How to handle my daughter???

@fchalida (196)
Indonesia
February 20, 2011 12:29am CST
At Saturday morning my daughter was coloring contest with all students. I see she have a talent give. She really want to win a contest, she give all her best. But the final was not give her the winner. I saw her sad face. She don't want to talk anything to me or my hubby until at home. But i try to hug her and talk to her until she really-really crying to me. She has feeling buried that make me confused to handle her. Do you have same experience? please give me advice.
2 people like this
9 responses
@staria (2780)
• Philippines
20 Feb 11
Just try to give her some time alone first. When everything's cool, try to simply talk to her, that not winning is a natural thing. There will be times that she will lose, but it doesnt really mean that she isnt good at all. Tell her to charge it to experience and that there will be more chances and more competitions in the future.
@fchalida (196)
• Indonesia
20 Feb 11
Hi staria, Do you thing it is good if i give her a present(full crayon) to her and tell her to more practice and find another competitions? And also trying to find good drawing teacher to teach her more? Do you thing i give the material thing to her to make better filling?
@jazel_juan (15746)
• Philippines
21 Feb 11
She is just broken hearted, i just wished you talked to her before the contest and explain to her that she try her best but do not expect to win, my daughter was into contests before, it was some dancing contest and she is good at it but i told her never expect to win, but i also told her to do her best and enjoy the contest. And well she did not win the contest but she was not heart broken for she knew she gave her best and at times we win, at times we loose.. she is one tough kid, and she is just 6 years old... maybe its time you give her space for a while and then give her a talk, mom and daughter bonding goodluck and that experience will make your child stronger. God bless!
@cream97 (29087)
• United States
20 Feb 11
Hi. fchalida. I have never went through this before. I am very sorry that you daughter was not chosen as the winner for the coloring contest. Assure her that she is still a winner in your eyes. The thought that she went out there and gave it her best shot, shows her a winner beyond reason.
• China
21 Feb 11
just confort her.
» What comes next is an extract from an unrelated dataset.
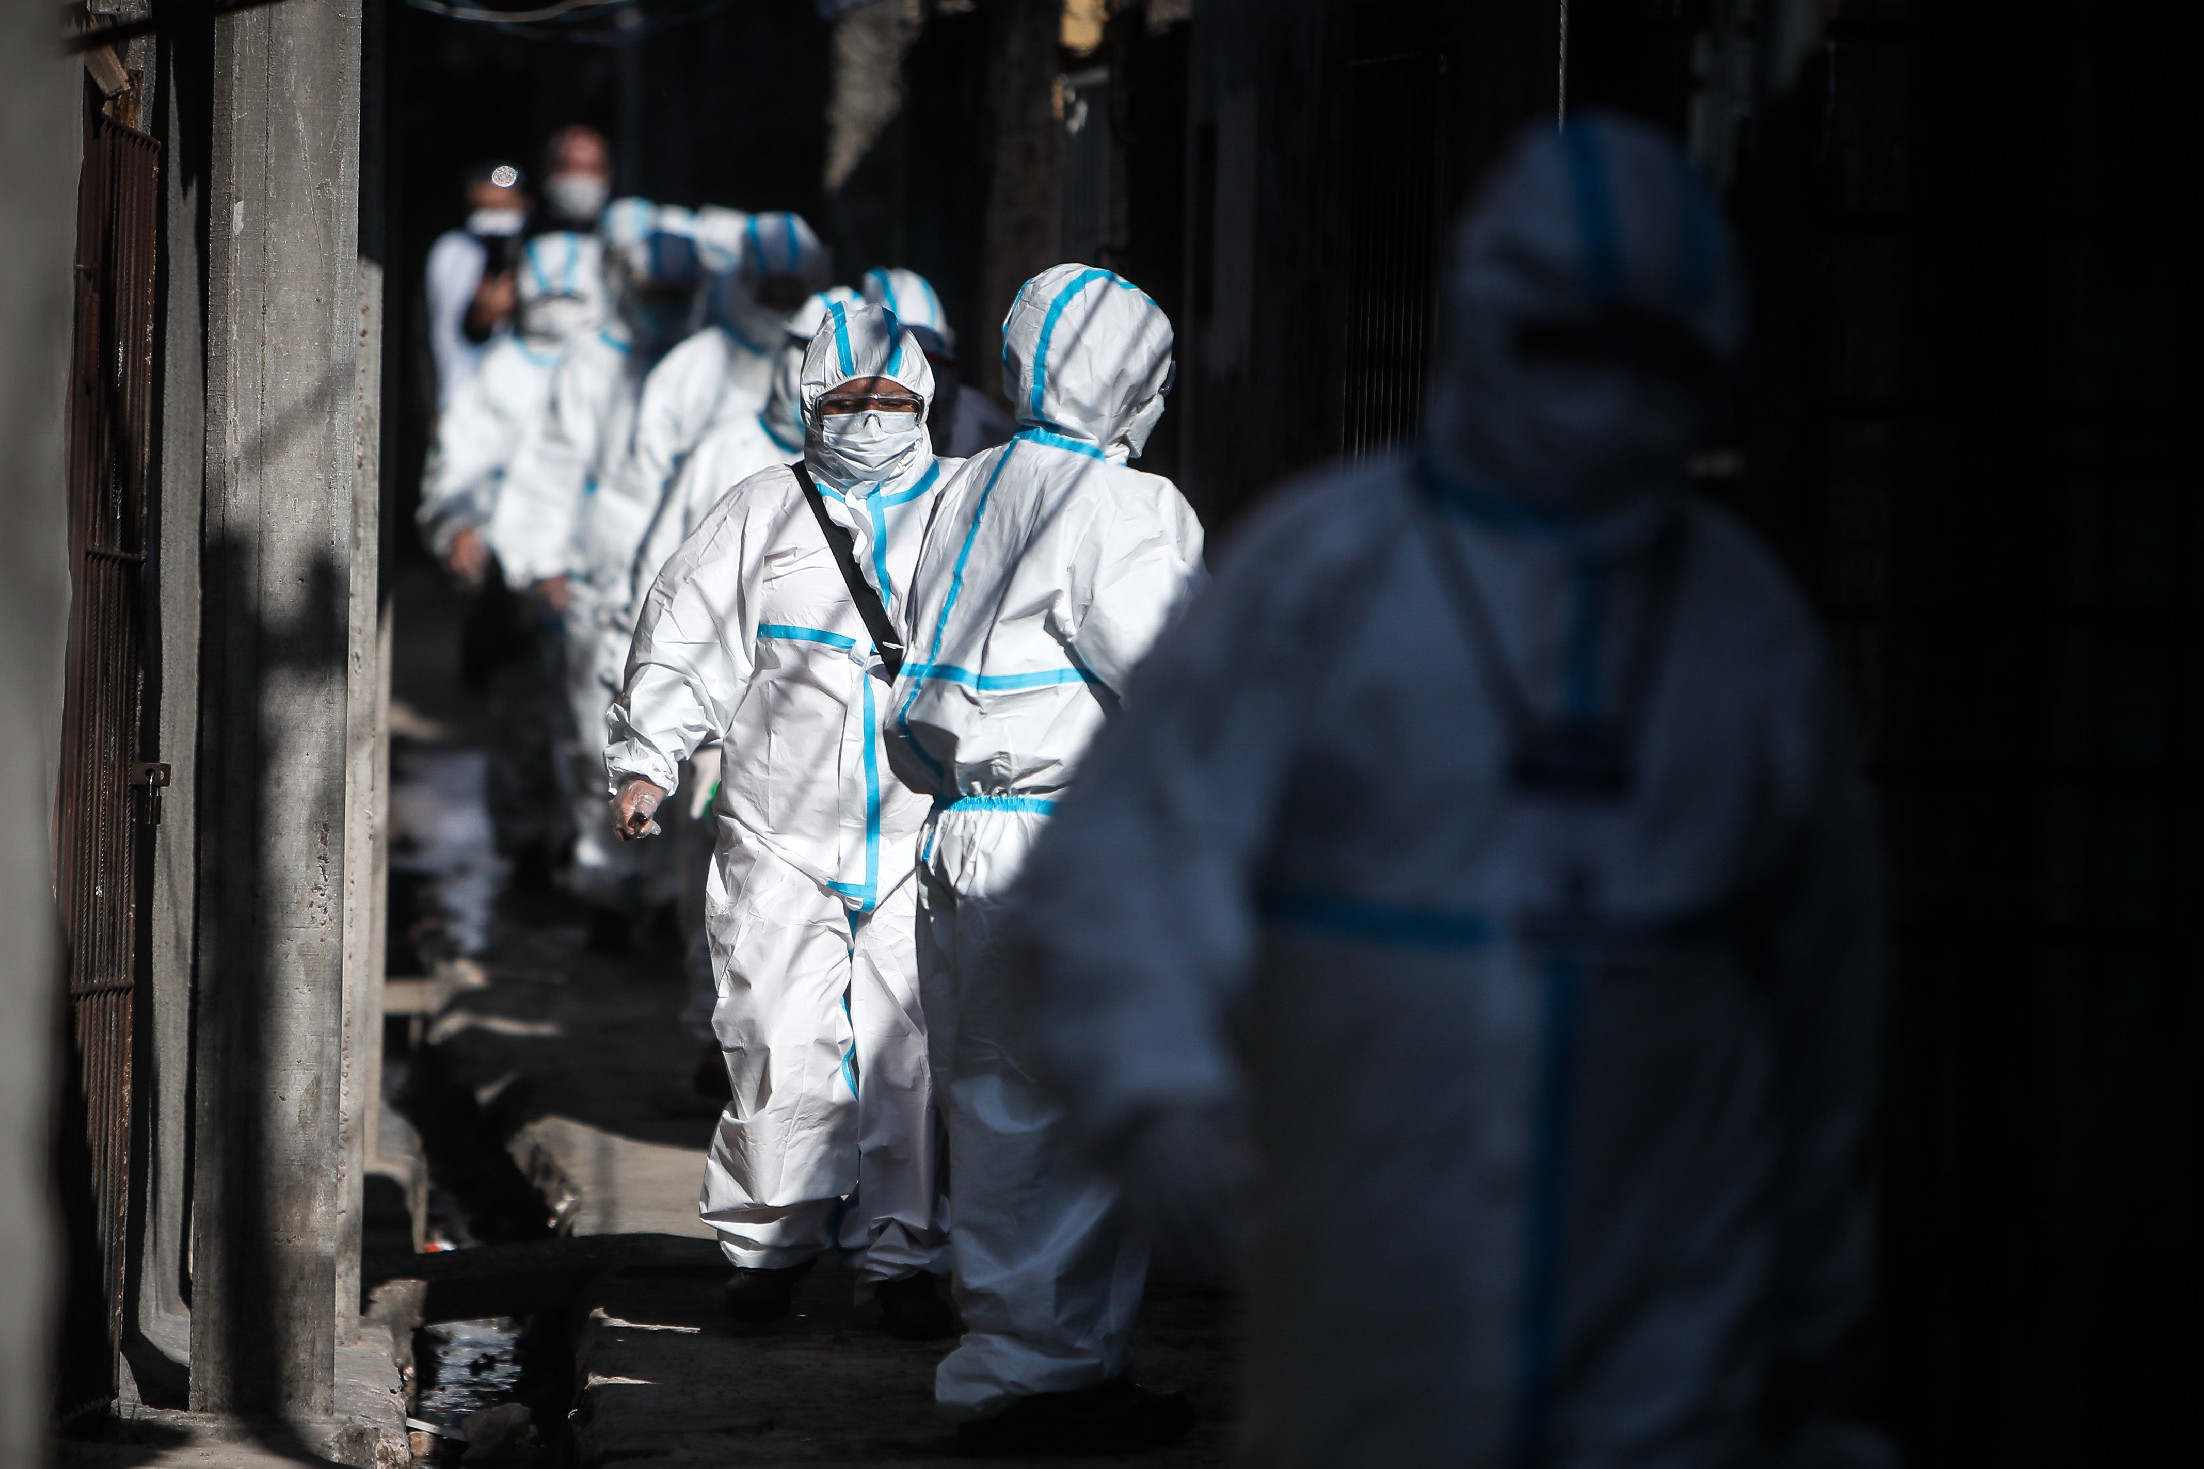 Rejtélyes járvány fertőz – hárman már meghaltak

I do think it is a good way for her: understanding pay does not always get back.
@LTL143 (57)
• Philippines
20 Feb 11
well, your daughter has a high expectation and too confident about herself. That's also and experience of my classmate in college, he expected to become cumlaude when we graduate, but sad to say he failed just because of points. What we gonna do with this matter is to explain to them that not anytime you win a battle. We need sometimes to commit failure in order for us to grow and become stronger. It's not a lose, its just a part of the stair to step on before we reach our goals.
@drinylane (117)
• Philippines
20 Feb 11
let her feel that for you she is the winner. you could have reward her for being a contestant. tell her that out of hundreds of students from her school...she is one of the best.
@phyrre (2317)
• United States
20 Feb 11
I'm sorry that you and your daughter had to go through this. She might need a little space right now and will talk to you and confide in you when she's ready and has had a little time to think it out herself. As a parent, all you can really do is encourage her. She did her best and that's what's really important, not whether she wins or not. There are going to be plenty of times in her life when she's not going to win and she needs to learn that that's a possibility. But, at the same time, that shouldn't stop her from competing and having fun. If you show her that having fun is the most important thing then she can color and enjoy it without taking it to heart and not minding if she doesn't win. ^_^ Good luck and I hope things get better with your daughter.
• Kenya
20 Feb 11
when small children are up to something,they mean it with all their hearts but we need to let them know that as much as we want to succeed in all that we do there must be some failure in our first or second attempts so the best thing to tell your daughter is to encourage her to keep on trying for through failure we get the apathy and urge to try once more and work on our weaknesses
• India
20 Feb 11
Spend some time just you and her and tell her how important she is too you and that you love everything that she does. and in your eyes she is a winner becasuse she is your winner. Your daughter the best daughter in the whole wide world.